Глава VIII
3
В своем настойчивом стремлении проникнуть как можно глубже в «душу» народа, понять его взгляды и потребности Пушкин не ограничился только непосредственным общением с крестьянами. Он прекрасно понимал, что крепостной крестьянин никогда не будет откровенен в разговорах с барином, даже самым добрым, никогда не откроет ему свою душу. Замеченное Пушкиным «какое-то лукавство ума» крестьянина и было, конечно, внешним выражением векового недоверия его к помещику и проявлялось, видимо, по преимуществу в сношениях крестьян с господами, а не между собой. Пробить эту стену недоверия было бы очень трудно, если не вовсе не возможно.
Пушкин нашел другой путь: он обратился к народной поэзии. Как поэт он прекрасно знал, что там он найдет наиболее глубокое, подлинное выражение народной души, его страданий и радостей, надежд и воспоминаний, его моральных, религиозных, общественных, политических чувств и требований.
Хорошо известно, что Пушкин не только разговаривал с крестьянами, не только интересовался крестьянскими шутками или спорами парней, но постоянно слушал их песни, сказки; не только слушал, но и записывал, учил наизусть и сам пел с крестьянами. Напомню еще несколько свидетельств об этом:
«Пушкин любил ходить, где более было собравшихся старцев (нищих).
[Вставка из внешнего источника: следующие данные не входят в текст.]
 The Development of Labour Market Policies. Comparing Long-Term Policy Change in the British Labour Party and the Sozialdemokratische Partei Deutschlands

Он, бывало, вмешается в их толпу и поет с ними разные припевки, шутит с ними и записывает, что они поют...»
А. Д. Скоропост, заштатный псаломщик, по записи послушника Владимирова.
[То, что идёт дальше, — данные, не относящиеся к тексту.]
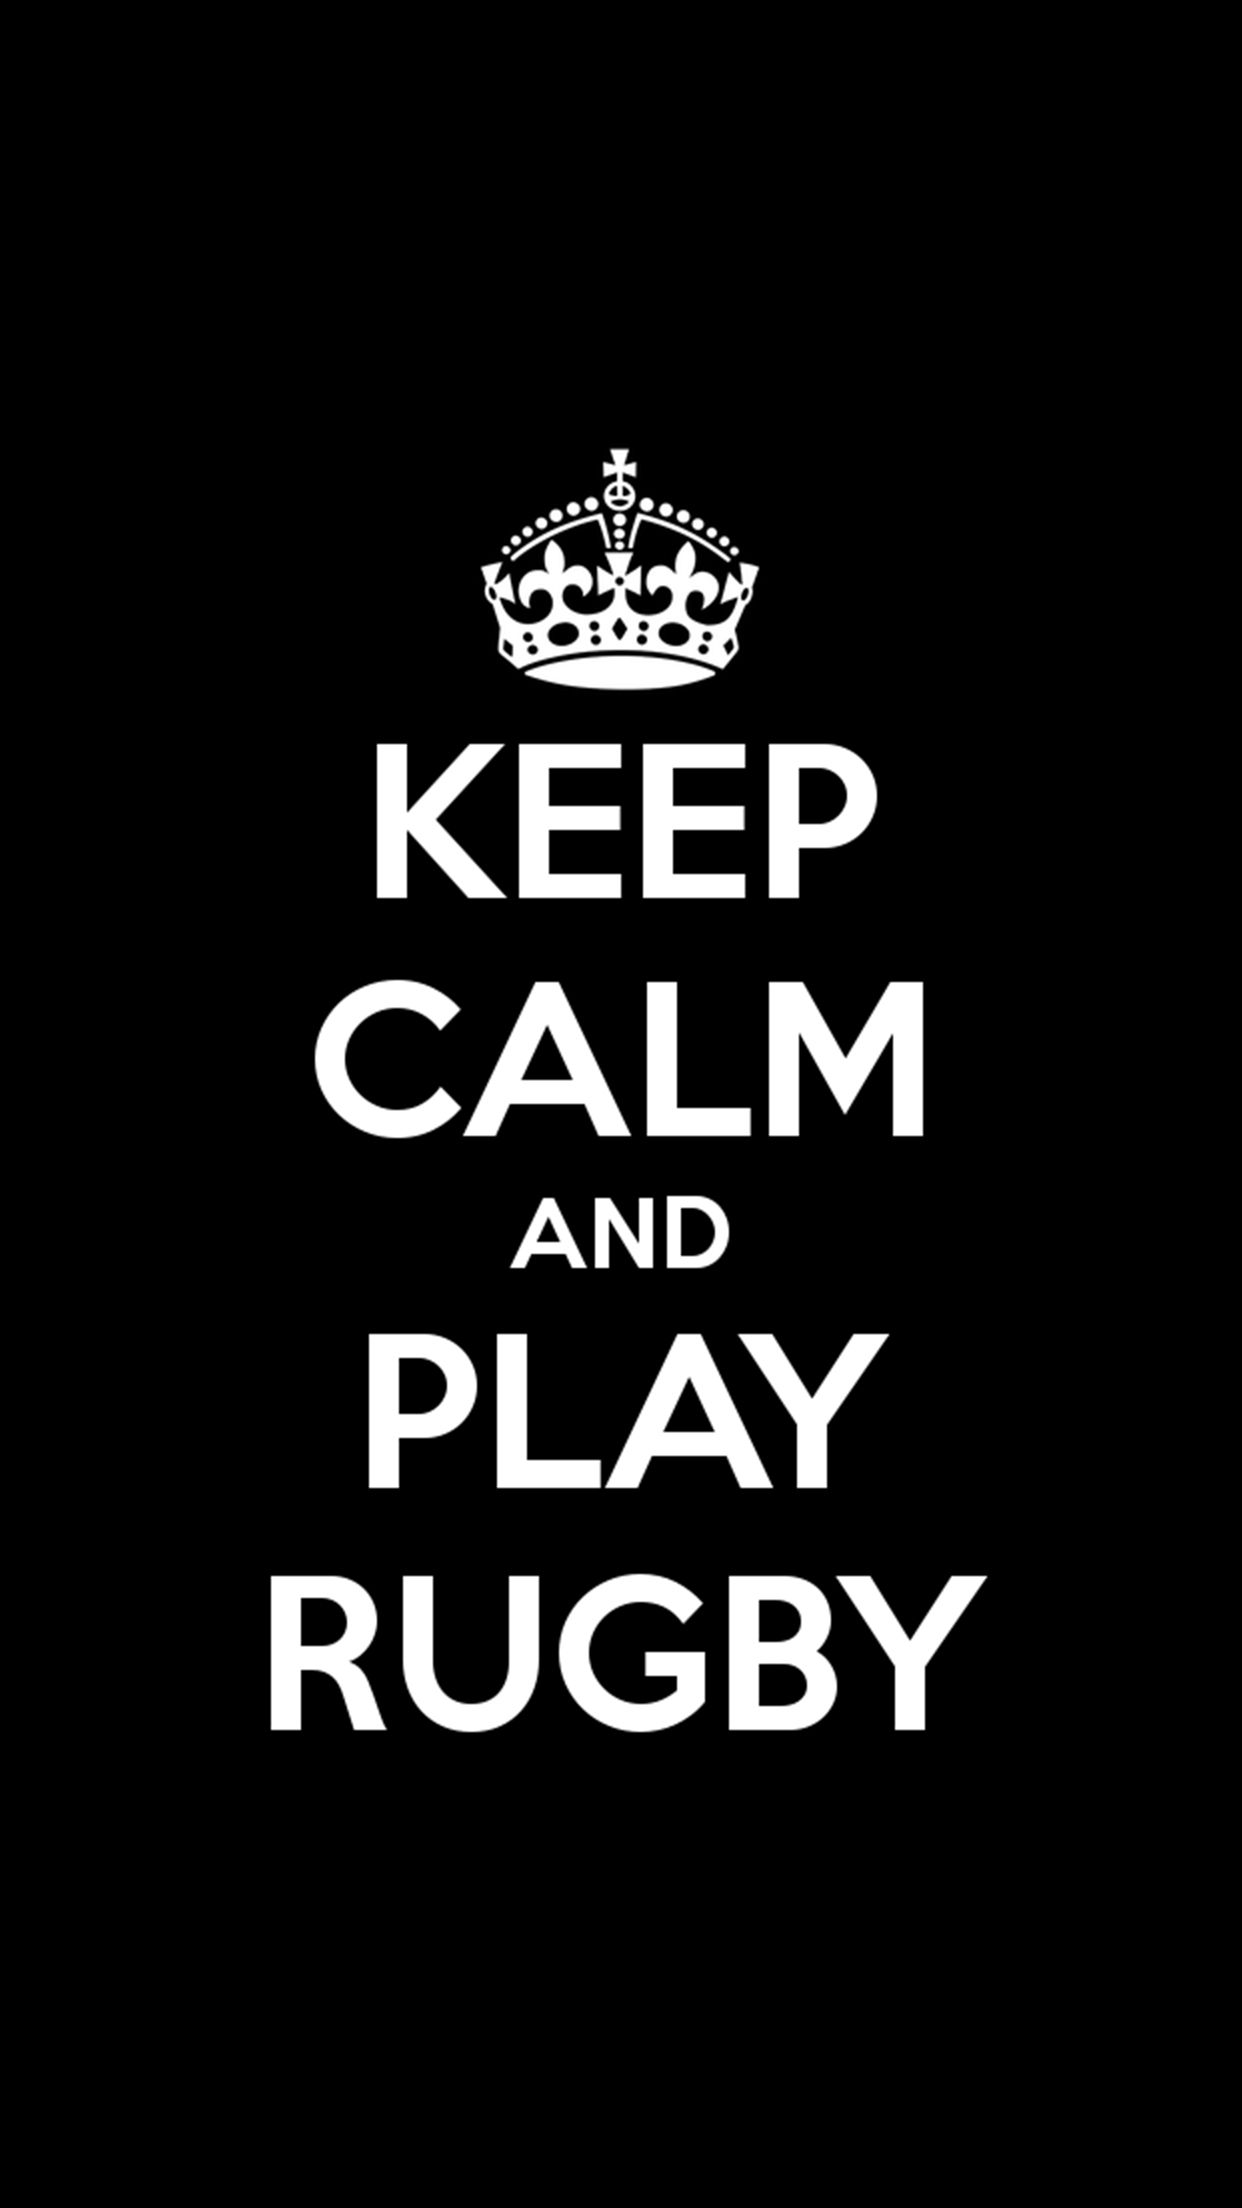 Rugby Keep Calm Wallpaper for iPhone Pro Max, X, 6

«Частенько мы его видали по деревням на праздниках. Бывало, придет в красной рубашке и смазных сапогах, станет с девками в хоровод и все слушает да слушает, какие это они песни спевают, и сам с ними пляшет и хоровод водит».
Старик крестьянин села
Тригорского, по записи
И. А. Веского.
«Пушкин любил ходить на кладбище, когда там «голосили» над могилками бабы, и прислушиваться к бабьему «причитанью», сидя на какой-нибудь могилке. На ярмарке в Святых Горах Пушкин любил разгуливать среди народа и останавливаться у групп, где нищие тянули «Лазаря» или где парни и девушки водили хоровод... Пушкин простаивал с народом подолгу, заложив руки за спину, в одной руке у него была дощечка с наложенной бумагой, а в другой — карандаш. Заложив руки назад, Пушкин записывал незаметно для других, передвигая пальцами левой руки бумагу на дощечке, а правой водя карандашом...»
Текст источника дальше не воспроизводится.